2.2.2

[bk-cs]

New Commands

cloud-connect-azure

• Get-FalconDiscoverAzureCertificate

cloud-connect-cspm-azure

• Get-FalconHorizonAzureCertificate

mobile-enrollment

• Invoke-FalconMobileAction

psf-devices

• Find-FalconHostname

user-management

• Invoke-FalconUserAction

General Changes

• Re-organized public functions into files named for their URL prefix rather than their respective Swagger
  collection (which sometimes would match the prefix and sometimes wouldn't). Because of the number of endpoints
  that fell under 'policy', it is segmented into specific files.

• The public users.ps1 and user-roles.ps1 files have been consolidated under user-management.ps1 and merged
  with new /user-management/ endpoints.

• Updated IPv4 regex used by Test-RegexValue private function.

• Streamlined looping functionality (used with All parameter). Updated all commands to output groups of
  results as they are retrieved instead of the entire result set at the end of a loop. Also verified that
  authorization tokens are properly refreshed during a long running loop.

Command Changes

• Modified Add-FalconSensorTag and Remove-FalconSensorTag to include the uninstall token of the target device
  and while adding and removing sensor tags with CsSensorSettings.exe on Windows sensor versions v6.42 and above.

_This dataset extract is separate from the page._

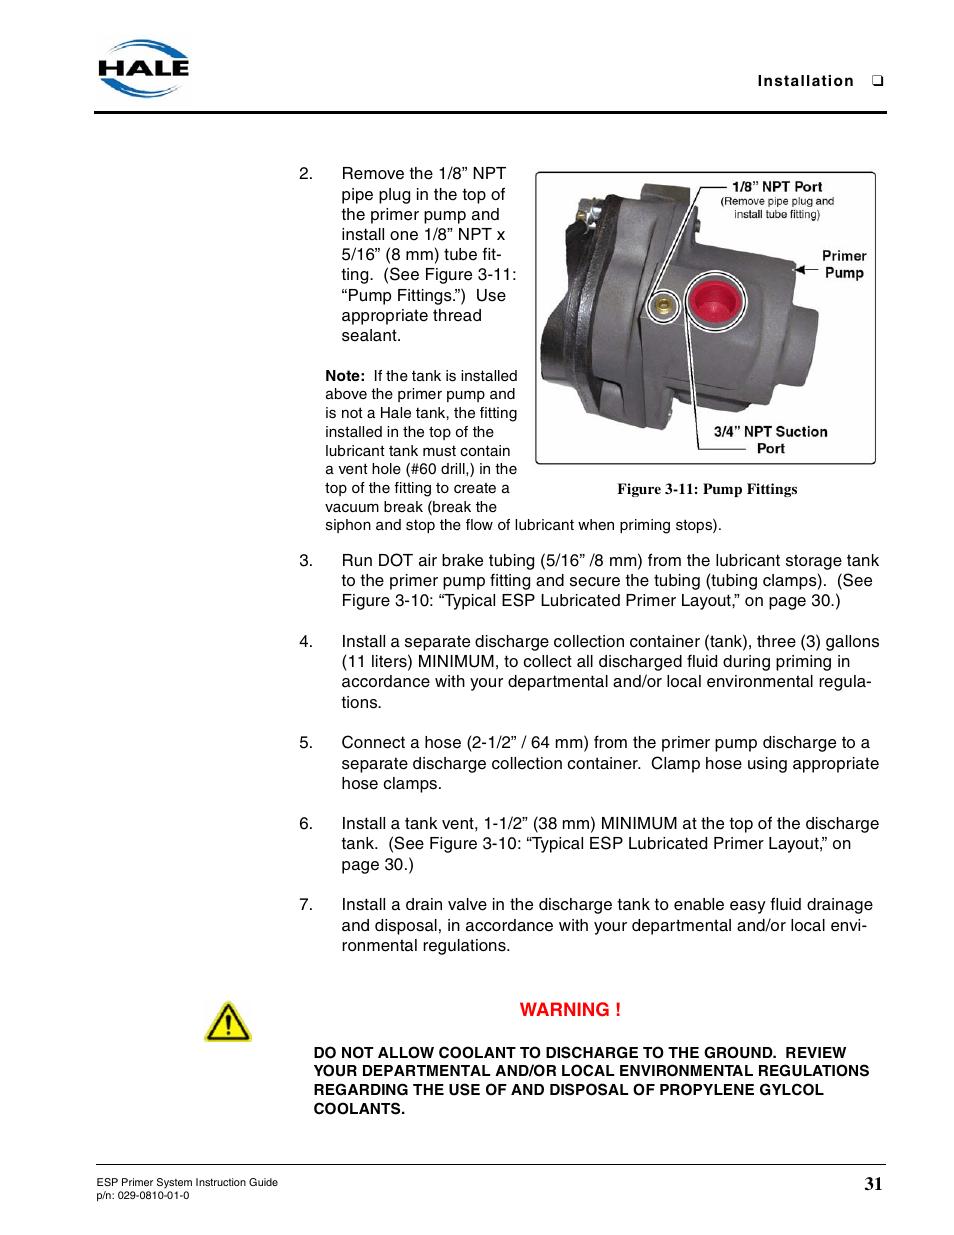 medium resolution of figure 3 11 pump fittings hale esp priming system user manualfigure 3 11 pump fittings hale

• Modified Get-FalconSensorTag to return the FalconSensorTags values listed in a devices API response if the
  target device is Windows sensor version 6.42 or above. If CsSensorSettings.exe is updated to include a method
  to get sensor tags, Get-FalconSensorTag will use that method in the future.

• Removed mandatory requirement for TenantId parameter within the Get-FalconDiscoverAzureAccount command.

• Updated Invoke-FalconAlertAction to use the new v2 endpoint which includes formatting corrections.

• Based on code provided by @SleepySysadmin, Invoke-FalconIdentityGraph now has an All parameter when using
  Query!

  When used with a query that includes pageInfo{endCursor hasNextPage}, results will be paginated automatically
  and only relevant data will be output (similar to the rest of the PSFalcon commands) instead of the entire
  object.

  All will automatically be added if a query begins with ($after: Cursor) and has after in the query
  parameters, as it is assumed that all results are expected.

  If pageInfo is not provided in the query and All is specified, a warning message will be generated.

  A query without All will produce the same results as earlier versions of the module.

• Added Mutation parameter to Invoke-FalconIdentityGraph.

• Updated Add-FalconRole, Edit-FalconUser, Get-FalconUser, New-FalconUser, Remove-FalconRole, and
  Remove-FalconUser, to use new /user-management/ endpoints where appropriate. These commands behave as they
  did before, unless using additional parameters to signify that requests are being performed within a
  multi-CID environment.

• Get-FalconRole has been updated to produce results from new /user-management/ endpoints.

Resolved Issues

• Issue 170: Invoke-Loop changes should eliminate token failures during retrieval of large result sets.

• Issue 222: Updated comparison process to ensure an imported policy would be properly added to the list of
  items to be modified, whether or not it was going to be created. Removed existing copy policy operation from
  creation process.

• Issue 223: Removed extraneous 'Endpoint' definition that was generating an error.

• Issue 231: Corrected addition of FirewallRule when using Export-FalconConfig -Item FirewallGroup. This fix
  should also resolve issues when exporting HostGroup and a singular 'exclusion' item.

• Issue 232: Re-added 'Outfile' designation for Path parameter in Receive-FalconArtifact. This should have
  been present and was accidentally removed in an earlier module version.

---

This discussion was created from the release 2.2.2.